## Activity
In the entries that follow, find the line containing "سانیا پلی♪』سلما خولدمT-T" and the line containing "Victorinox Swiss Army", then copy exactly everything from the first through the second except the pictures.

## Data for the task

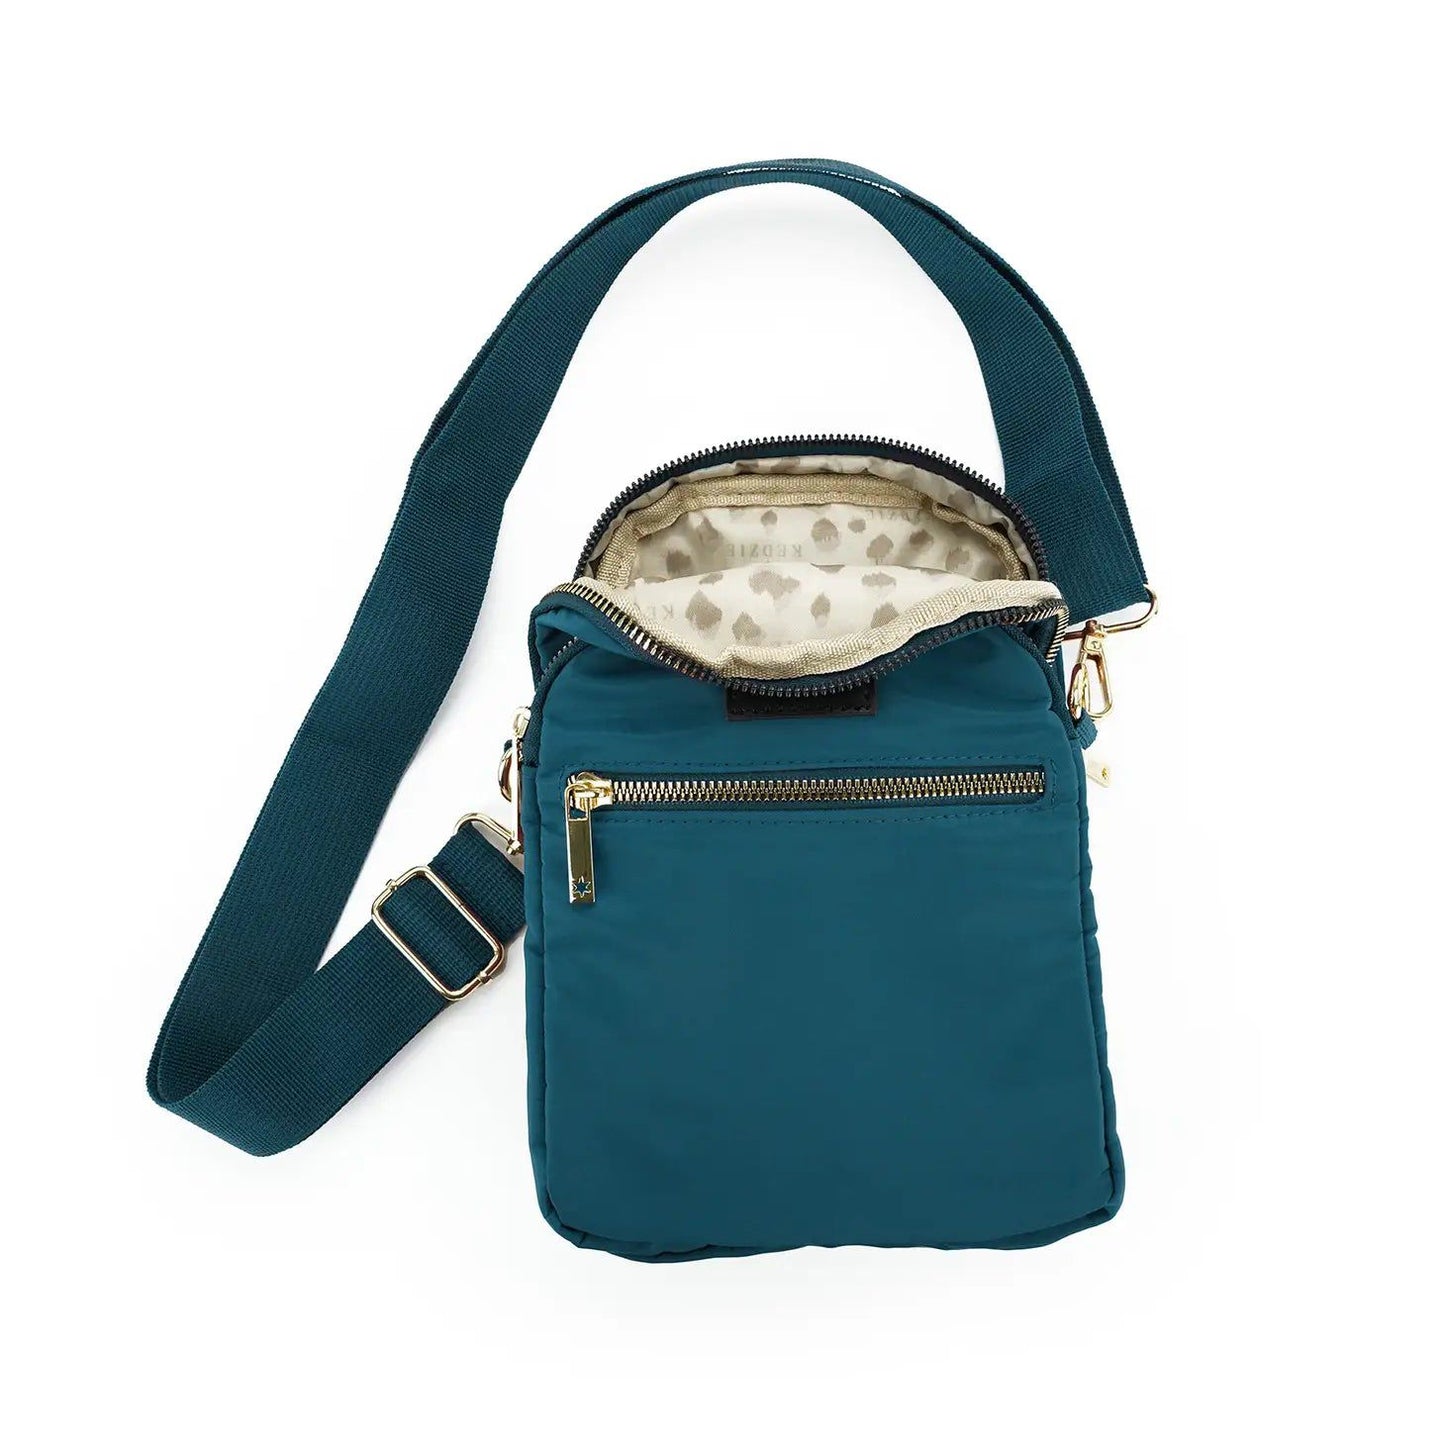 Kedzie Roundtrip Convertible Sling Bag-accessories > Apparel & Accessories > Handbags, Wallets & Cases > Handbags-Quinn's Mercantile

* * *

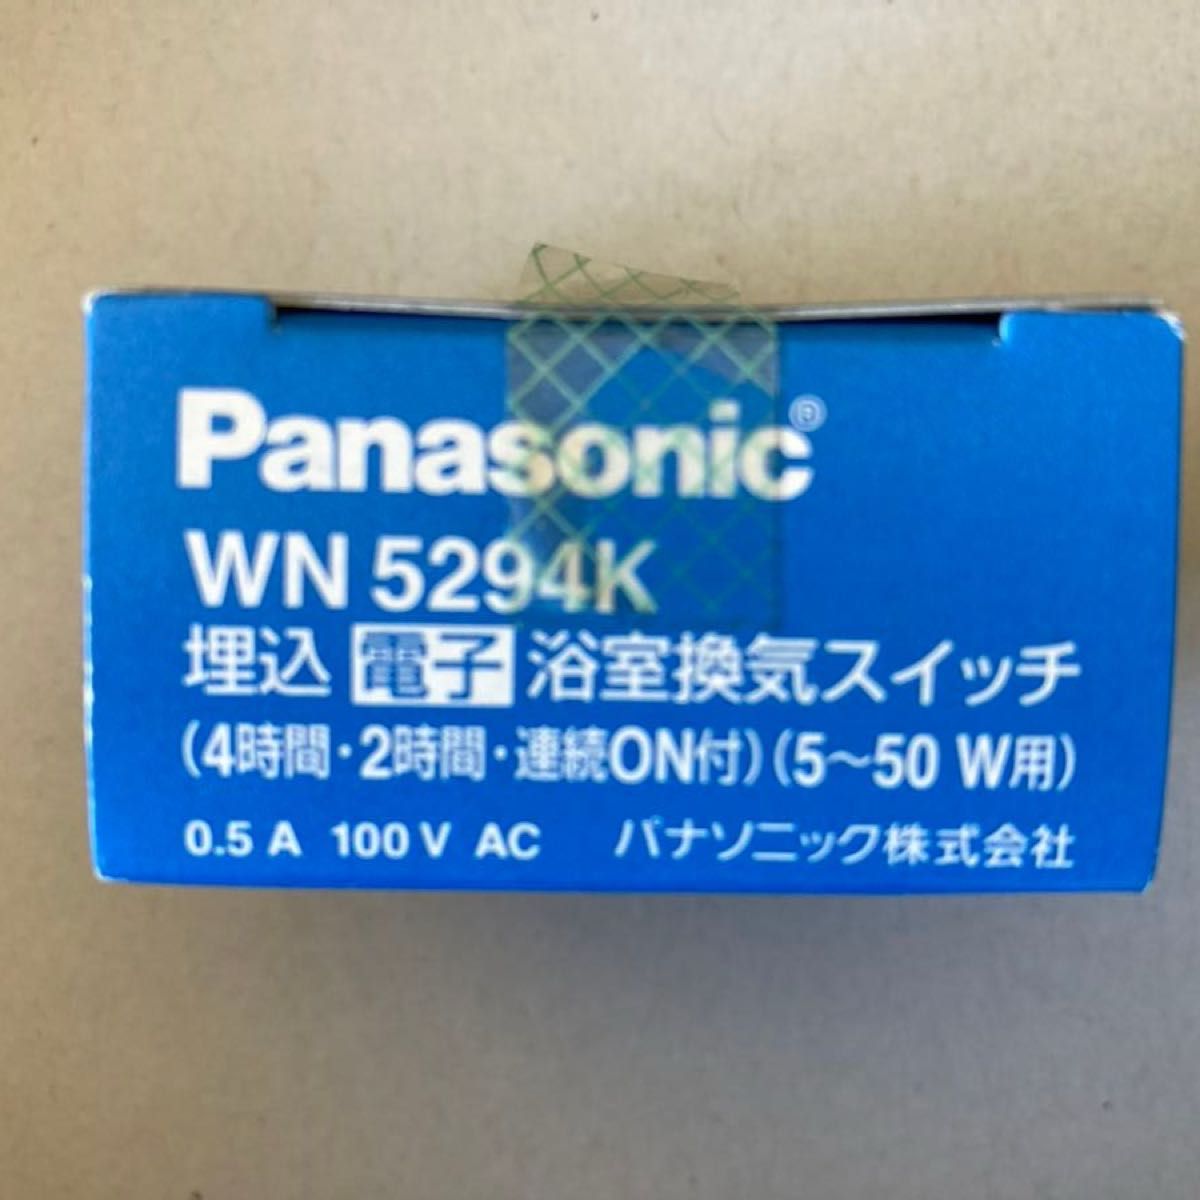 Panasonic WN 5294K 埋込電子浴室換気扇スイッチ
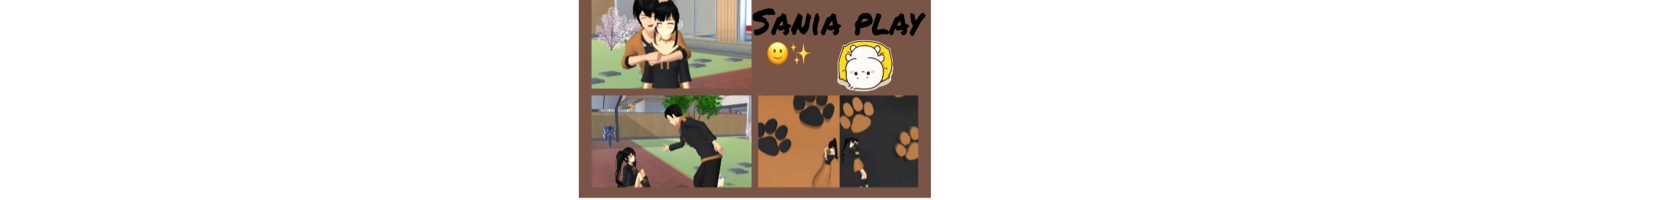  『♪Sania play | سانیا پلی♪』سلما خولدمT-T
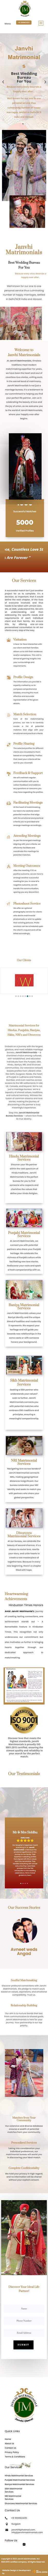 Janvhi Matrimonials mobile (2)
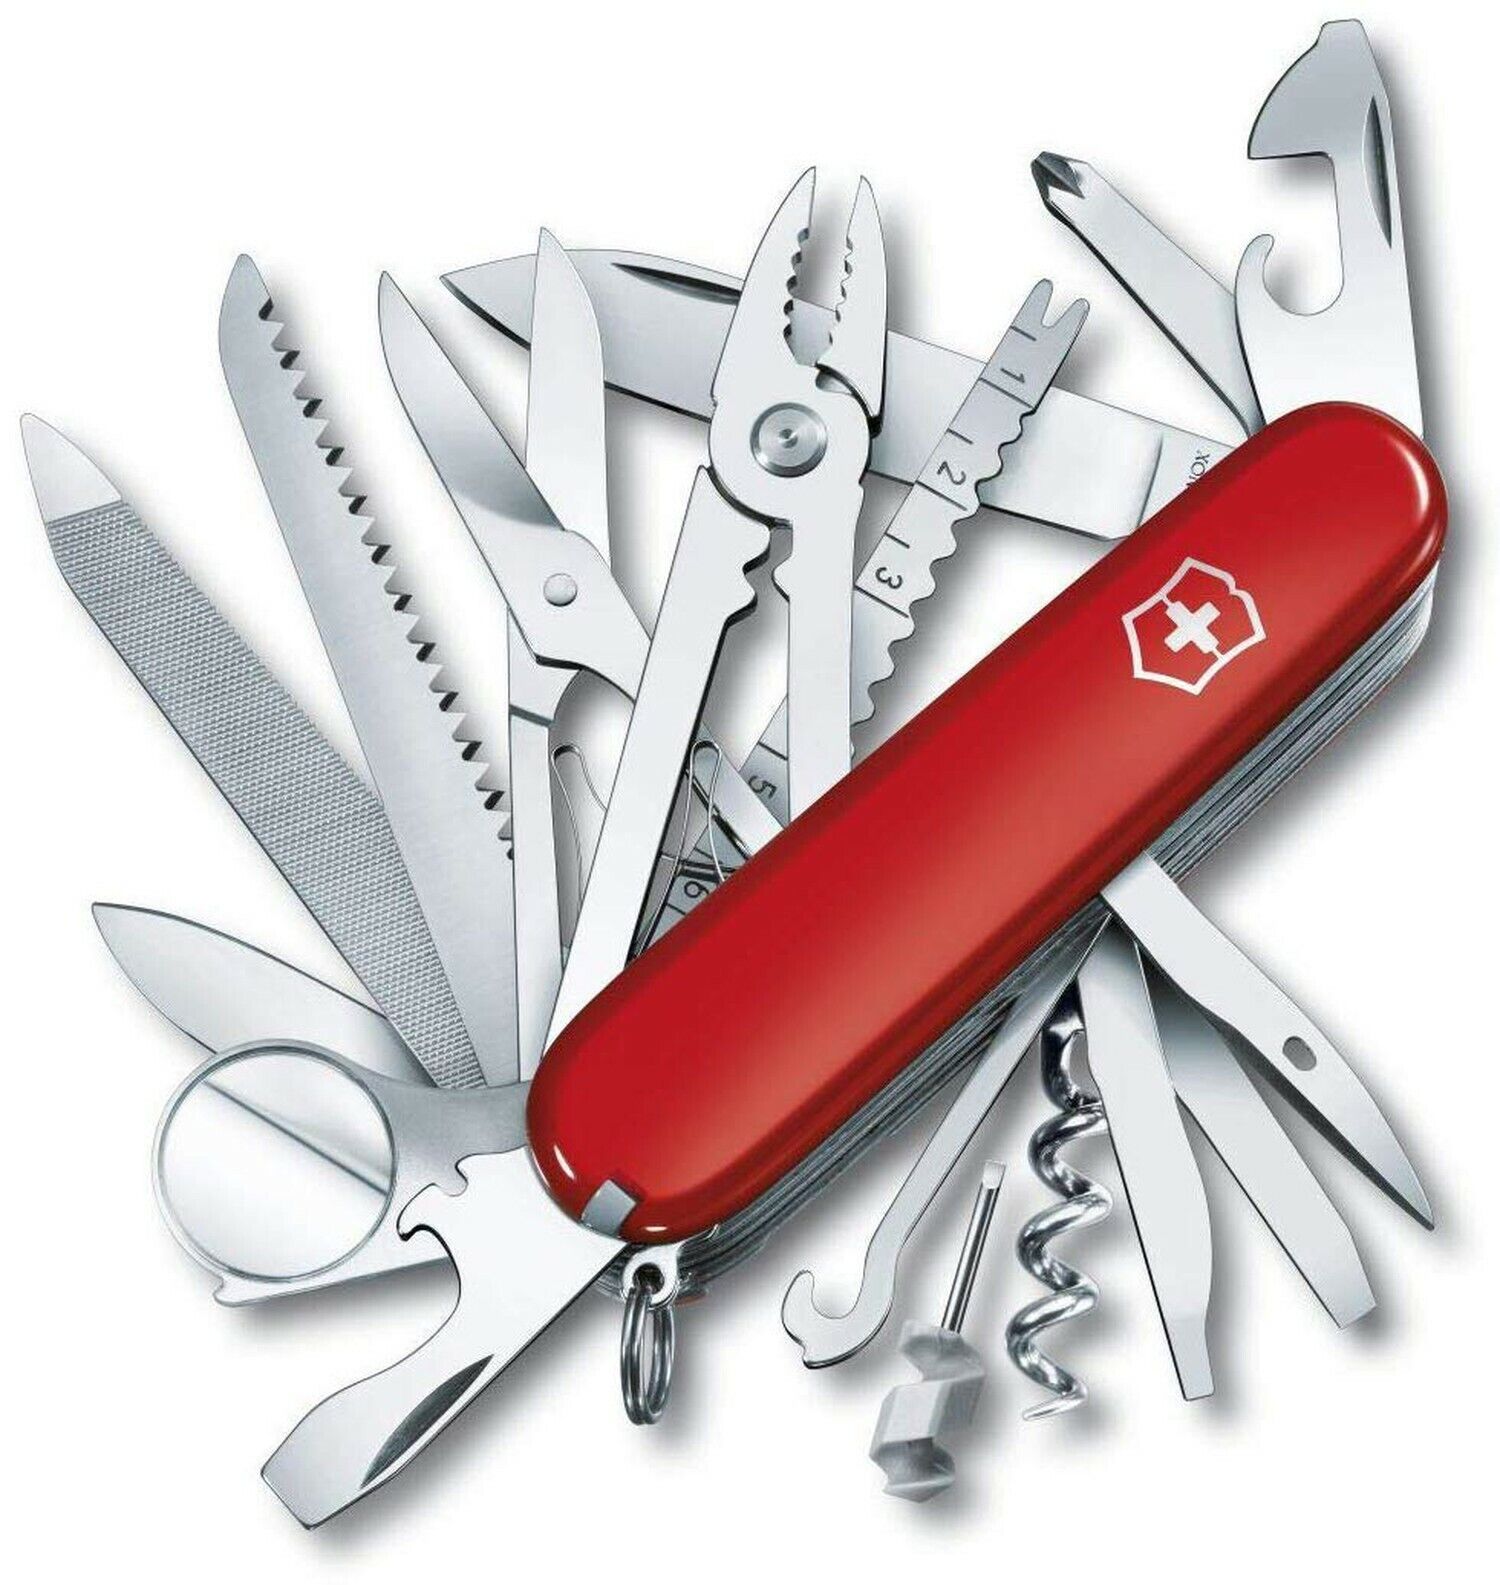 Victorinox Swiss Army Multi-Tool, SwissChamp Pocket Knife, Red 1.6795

## Exercise output
  『♪Sania play | سانیا پلی♪』سلما خولدمT-T
 Janvhi Matrimonials mobile (2)
 Victorinox Swiss Army Multi-Tool, SwissChamp Pocket Knife, Red 1.6795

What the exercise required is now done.